Where is good for Christmas Eve, will any of the bars/clubs have a night of endless Christmas cheese? 
Where is good to go for a Christmas Day lunch, do you need to book in advance? 
Any tips for something fun for Christmas day? Does anywhere BBQ turkey on the beach or is there carol singing in the snow dome or anything?

Any tips would be very much appreciated! Only 75 days to go...


----------



## Maz25 (Jul 6, 2008)

UKJ said:


> It's mid-October and I haven't seen a single Christmas advert on TV yet. Very strange.
> 
> I was hoping for some tips for people actually staying in Dubai for Christmas this year, based on previous expereince. I appreciate we're in a Muslim country, but with all the expats here, I guess there must be some festivities.
> 
> ...


See my answers about in red. It is still a bit early for most places to put up any kind of decorations though they do decorate all the malls and a lot of the shops also make an effort to decorate their window display. Give it a couple of weeks and Time Out will bring out its annual list of all the hotels and restaurants that have special Xmas dinner. Most of the hotels have something so there will be plenty to choose from. On the other hand, if you like to hang out a particular place, you can always call them up and ask them about what they have on for Xmas.


----------



## MaidenScotland (Jun 6, 2009)

UKJ said:


> It's mid-October and I haven't seen a single Christmas advert on TV yet. Very strange.
> 
> I was hoping for some tips for people actually staying in Dubai for Christmas this year, based on previous expereince. I appreciate we're in a Muslim country, but with all the expats here, I guess there must be some festivities.
> 
> ...




Check the British Embassy for a carol concert.. we have on every year in the embassy gardens.
My tip for a great Christmas.. if you can go home do so..


----------



## Maz25 (Jul 6, 2008)

MaidenScotland said:


> My tip for a great Christmas.. if you can go home do so..

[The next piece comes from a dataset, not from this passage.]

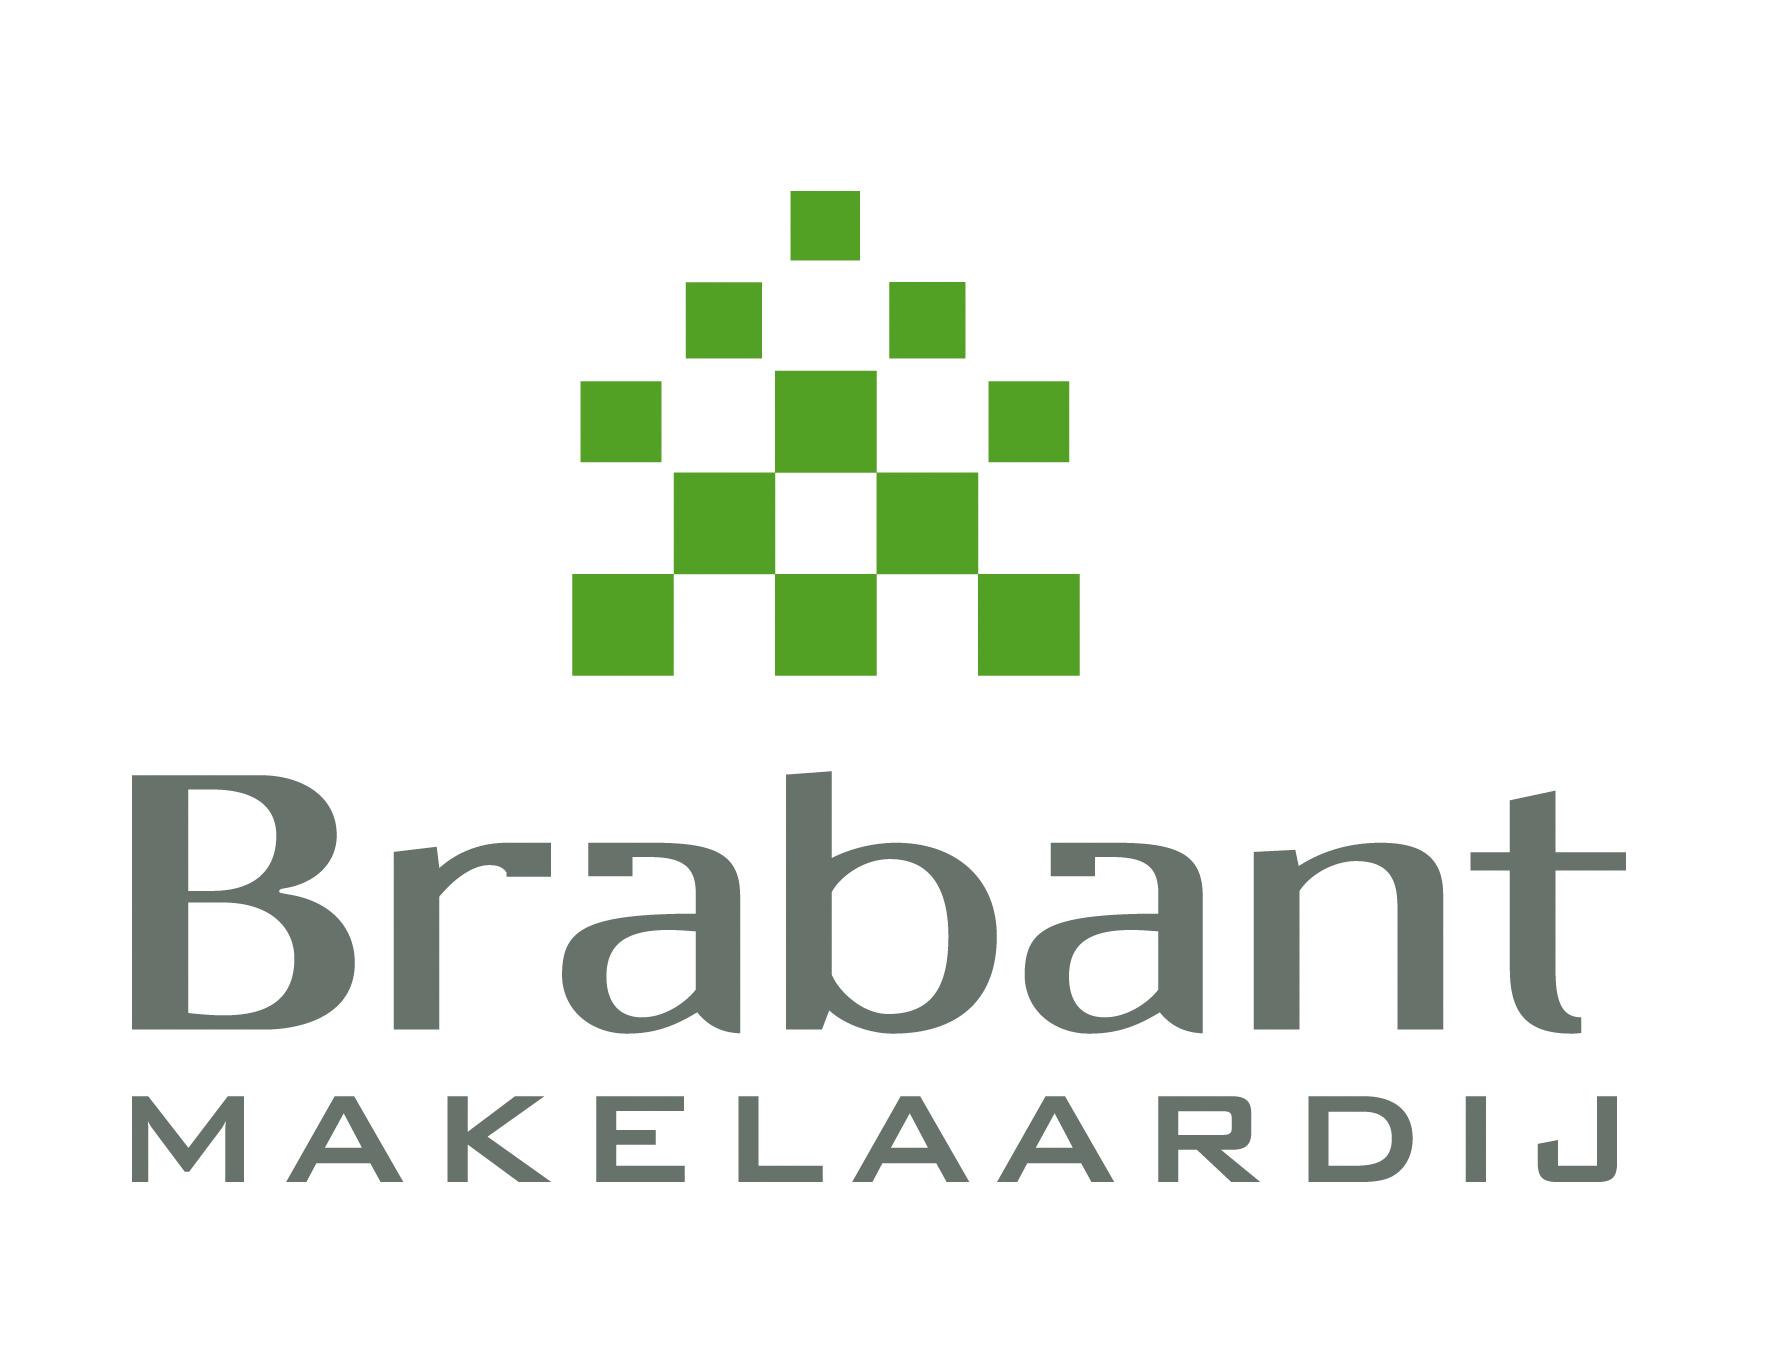 Brabant Makelaardij

My thoughts exactly! Christmas in the UAE is very disappointing when you compare it to the UK and unless you have family and friends to celebrate it with, it can be a very lonely affair.


----------



## MaidenScotland (Jun 6, 2009)

Maz25 said:


> My thoughts exactly! Christmas in the UAE is very disappointing when you compare it to the UK and unless you have family and friends to celebrate it with, it can be a very lonely affair.




Every Christmas I have spent in Cairo I have spent crying.
There is no atmosphere, no sense of urgency to buy last minute presents.
No Slade.. and although you get sick hearing it in the U.K I would give my right arm to hear it playing in the mall. No telling the children to count the Christmas trees in the windows when you are driving along.
Coptic Christians celebrate Christmas day in January... so we haven't even got the local Christians joining in on the 25th.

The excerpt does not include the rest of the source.